Summit Midstream GP, LLC (the "general partner"), a Delaware limited liability company, manages our operations and activities. Summit Midstream Partners, LLC ("Summit Investments"), a Delaware limited liability company, is the ultimate owner of our general partner and has the right to appoint the entire board of directors of our general partner.  Summit Investments is controlled by Energy Capital Partners II, LLC and its parallel and co-investment funds (collectively, "Energy Capital Partners" or our "Sponsor").
In addition to its 2% general partner interest in SMLP (including the incentive distribution rights ("IDRs") in respect of SMLP), Summit Investments has direct and indirect ownership interests in our common units. As of June 30, 2016, Summit Investments beneficially owned 29,854,581 SMLP common units.
Neither SMLP nor its subsidiaries have any employees.

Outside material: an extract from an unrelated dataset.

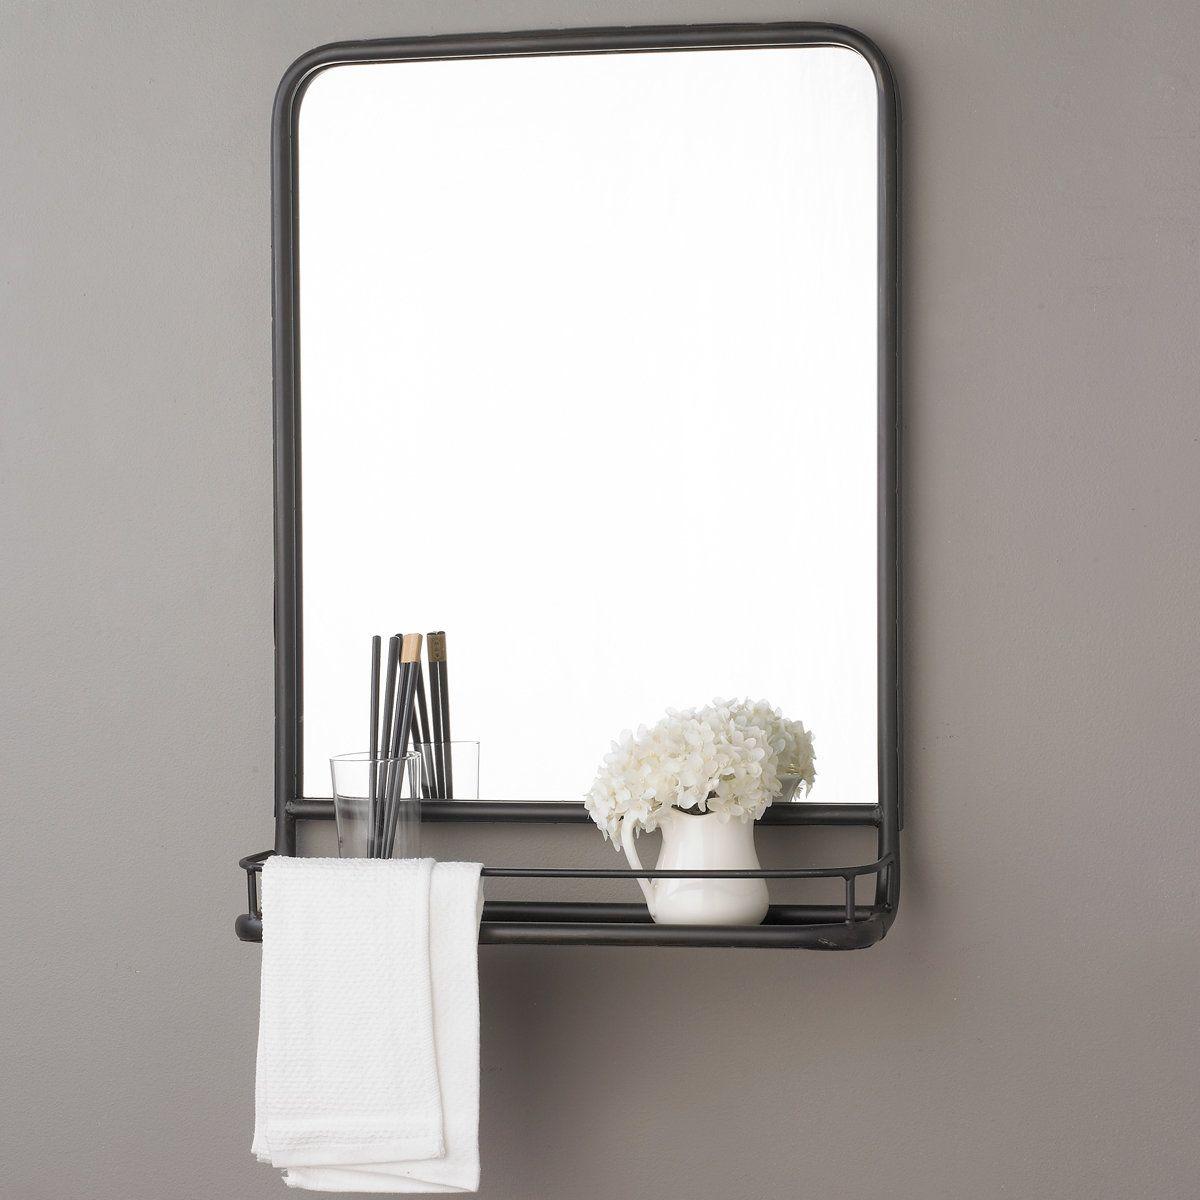 Bronze Bathroom Mirror With Shelf Bathroom Mirror With Shelf Mirror With Shelf Bathroom Mirrors Diy [ 1200 x 1200 Pixel ]

All of the personnel that conduct our business are employed by Summit Investments, but these individuals are sometimes referred to as our employees.
On February 25, 2016, the Partnership and Summit Midstream Partners Holdings, LLC (“SMP Holdings”), a wholly owned subsidiary of Summit Investments, entered into a contribution agreement (the "Contribution Agreement") pursuant to which SMP Holdings agreed to contribute to the Partnership substantially all of its limited partner interest in Summit Midstream OpCo, LP ("OpCo"), a Delaware limited partnership that owns (i) 100% of the issued and outstanding membership interests of Summit Midstream Utica, LLC ("Summit Utica"), Meadowlark Midstream Company, LLC ("Meadowlark Midstream") and Tioga Midstream, LLC ("Tioga Midstream" and collectively with Summit Utica and Meadowlark Midstream, the "Contributed Entities"), each a limited liability company and (ii) a 40.0% ownership interest in each of Ohio Gathering Company, L.L.C. and Ohio Condensate Company, L.L.C. (collectively with OpCo and the Contributed Entities, the “2016 Drop Down Assets”)(the “2016 Drop Down”). The 2016 Drop Down closed on March 3, 2016. Subsequent to closing, SMP Holdings retained a 1.0% noncontrolling interest in OpCo, which is managed by Summit Midstream OpCo GP, LLC ("OpCo GP"), a Delaware limited liability company and a wholly owned subsidiary of Summit Holdings.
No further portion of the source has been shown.